Donner zegt dat niet hardop. Wel gedraagt hij zich als een door het allerhoogste gezag uitverkoren autoriteit die bepaalt wat al of niet door de beugel kan. Hij zette het bespotten van leden van het Koninklijk Huis op zijn index, voegde er na de moord op Theo van Gogh (lompe) godsdienstkritiek aan toe en deed vorige week kritische media-aandacht voor het Openbaar Ministerie in de ban. Geen vrij debat over het sacrale: Monarchie, Religie, Justitie.
‘Debat’ is een te fraai woord voor de onzin en grofheden die opduiken aan de zelfkant van de openbaarheid. Toch is een Rijksvoorproever à la Donner ongewenst. Waarheid is niet van bovenaf op te leggen. In een vrije samenleving scheidt het debat zelf - hoe smakeloos ook gevoerd - zin van onzin. Daarvoor zijn een ongebreidelde pers en praktisch onbegrensde vrijheid van meningsuiting noodzakelijke voorwaarden.

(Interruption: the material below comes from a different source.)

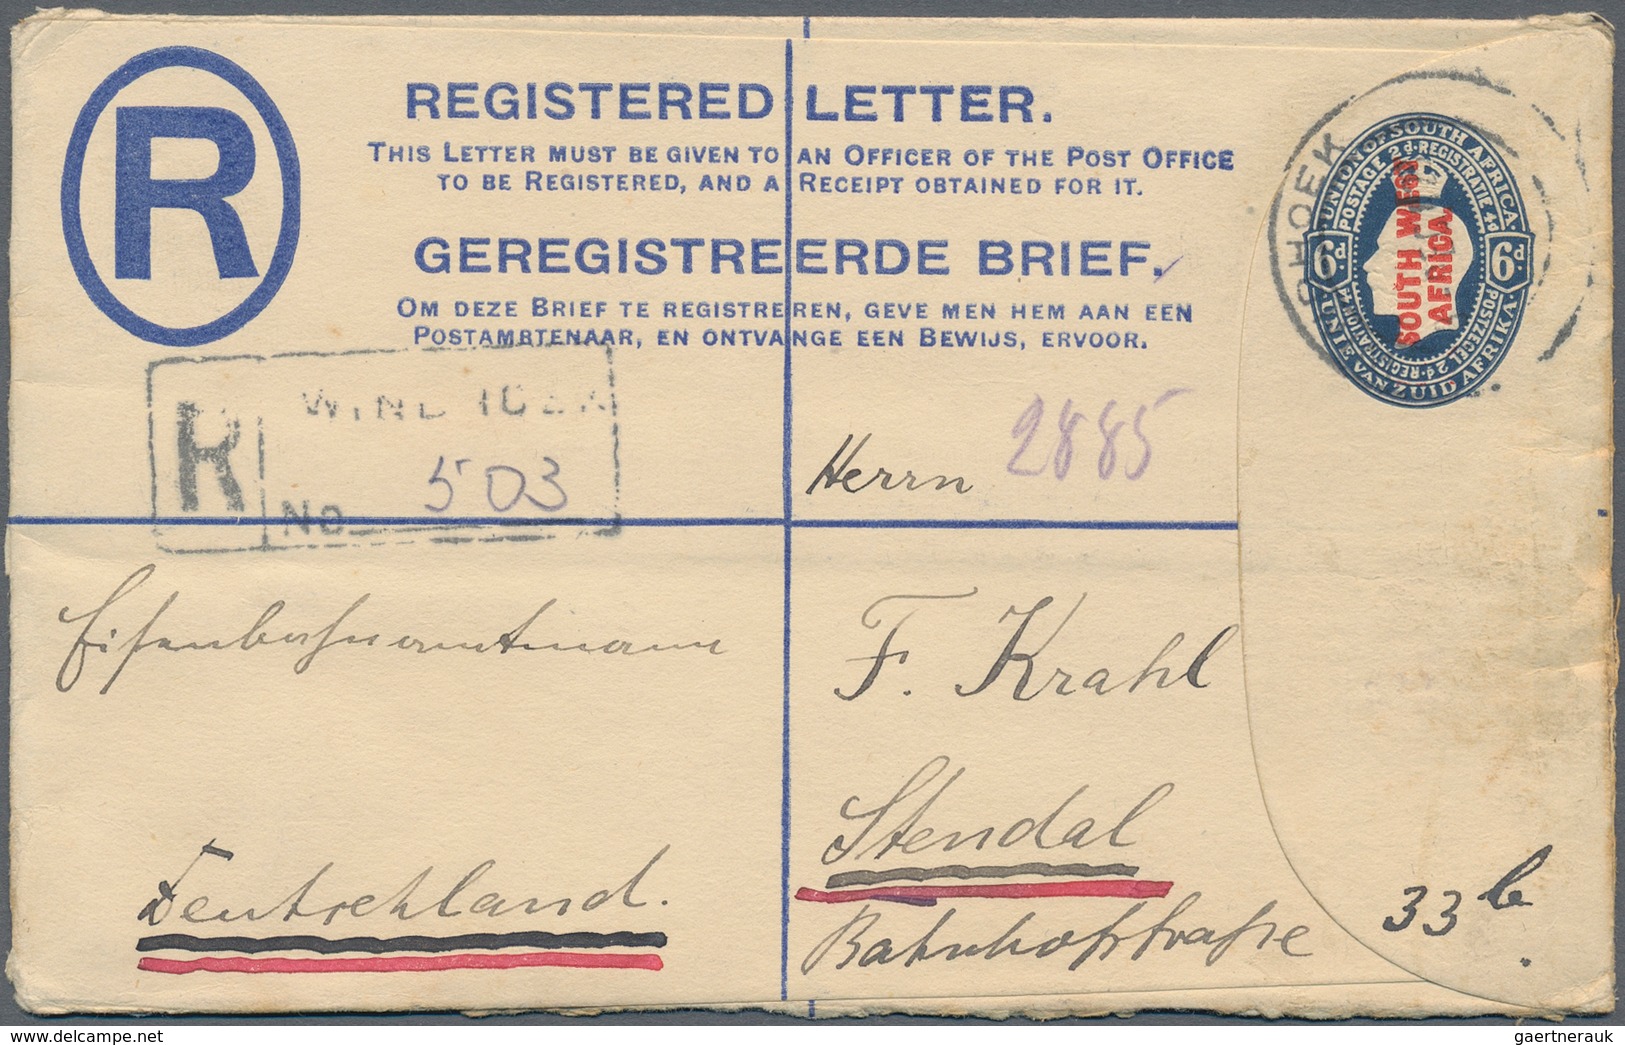 Südwestafrika: 1923/1928, 15 used registered letter stationary envelopes (Higgins & Gage ex no. 3/11

Vrijmoedig debat houdt risico's in. Een waardenpluriforme, multireligieuze, multi-etnische, wie weet zelfs multiculturele samenleving is licht ontvlambaar. Daarom is het Donner niet kwalijk te nemen dat hij gespitst is op het bewaren van onze precaire maatschappelijke vrede. Iedere minister van Justitie is de openbare orde een aanhoudende zorg. Zelfs bestaat er zoiets als ‘staatsraison’ - en de rechtsstaat is ook de staat.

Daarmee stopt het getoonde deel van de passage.